The way COVID-19 vaccines protect us is still not fully understood. Nor is the level of protection achieved by the various vaccines. Studies are now emerging highlighting the confusion in the community about what constitutes vaccine efficacy. There is a common misconception that vaccine efficacy is measured by the vaccine’s ability to prevent us from contracting COVID-19. That is not true.
Vaccine efficacy should be recorded as the percentage of individuals who develop COVID-19, comparing the vaccinated group to the non-vaccinated group. This would allow us to easily compare vaccine success rates. However, all the vaccine trials have been constructed so these kinds of direct comparisons are difficult to make.
Let’s first look at outcome measures of successful vaccination. Pfizer, Astra Zeneca, the Indian Covaxin and the Chinese Sinopharm all measure efficacy against hospitalization. All of them are 100% effective against hospitalization. But they all examine a different number of days from infection to assess hospitalization. Johnson&Johnson uses efficacy against “severe disease” as its outcome and the Russian Sputnik V does not share its efficacy data.
The efficacy arena is a cacophony, with no two drug companies speaking the same language.
Early in pandemic, the number of mutant — or variant viruses was low. The number of people who were infected with the virus was small and there were consequently fewer opportunities for mutations. The enormous number of infections has led to the evolution of multiple SARS-CoV-2 variants. Another factor that has resulted in development of additional variants is the prolongation of infection, for example in individuals with chronic illnesses that inhibit their ability to mount a normal immune response.
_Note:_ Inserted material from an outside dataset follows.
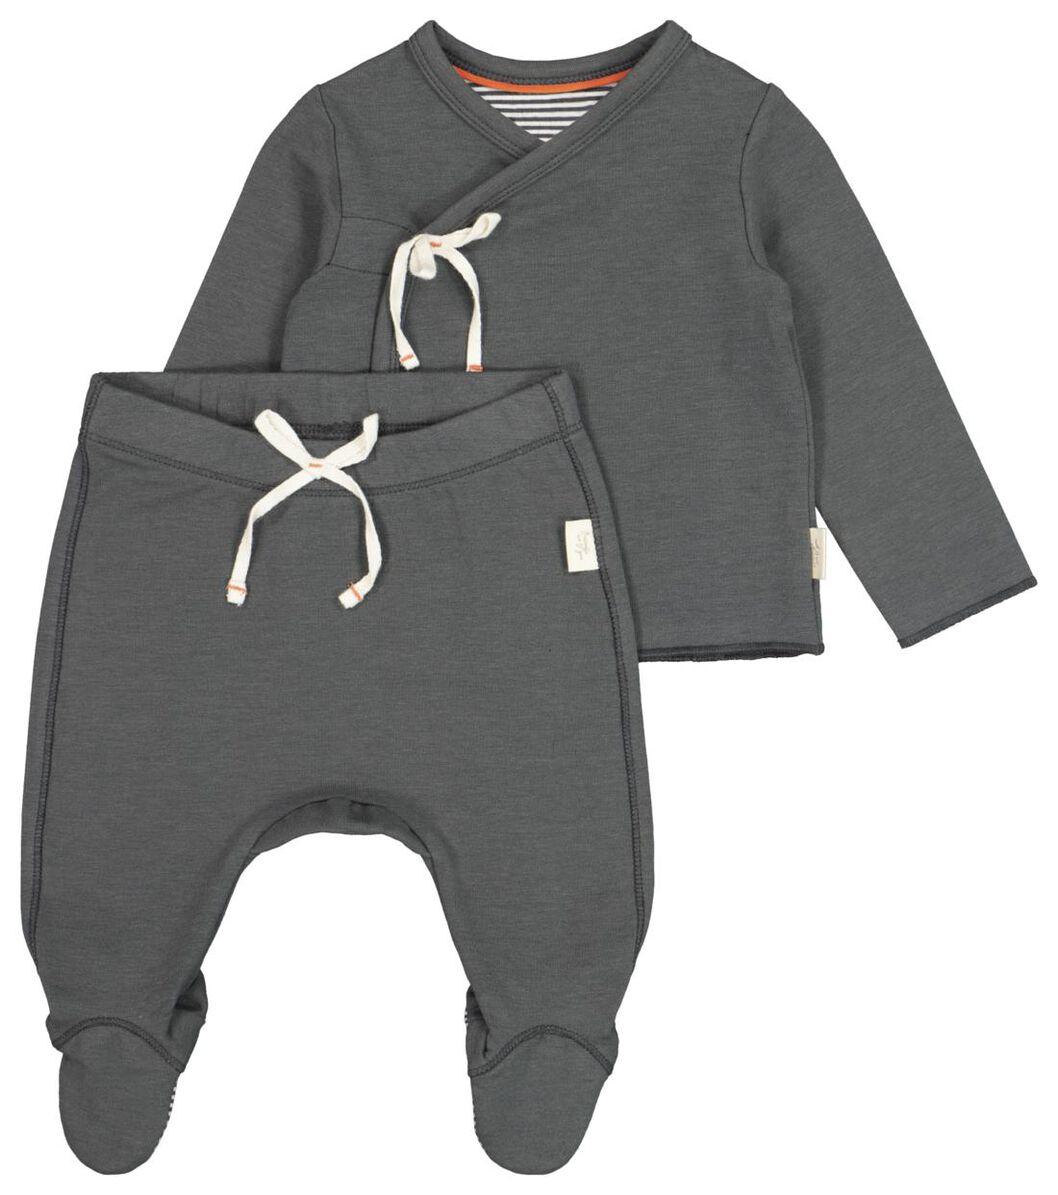 50% korting: Newborn setje voor 8 euro

Anyone who has been watching the arrival of mutations knows that they will have to start using other alphabets soon. There are only 24 letters in the Greek alphabet, and with WHO already worried about the mu variant ( 12th letter in the Greek alphabet), only a dozen more letters remain. Mu has made its debut only a short time after we heard about the delta variant (4th letter).
It is true all companies are conducting studies to show how their vaccines are effective against the emerging variants, albeit only in the laboratory. If we have learned anything from the delta variant, it is that COVID is a survivor virus and will continue to mutate into more infective forms rather than lethal ones that would kill off their hosts, that is, us. It follows that vaccines will become less and less of the story and our own internal defence mechanisms will become more important – that is until an effective and affordable early treatment emerges. Unfortunately, there is no penicillin equivalent on the horizon nor much appetite from pharma to research one.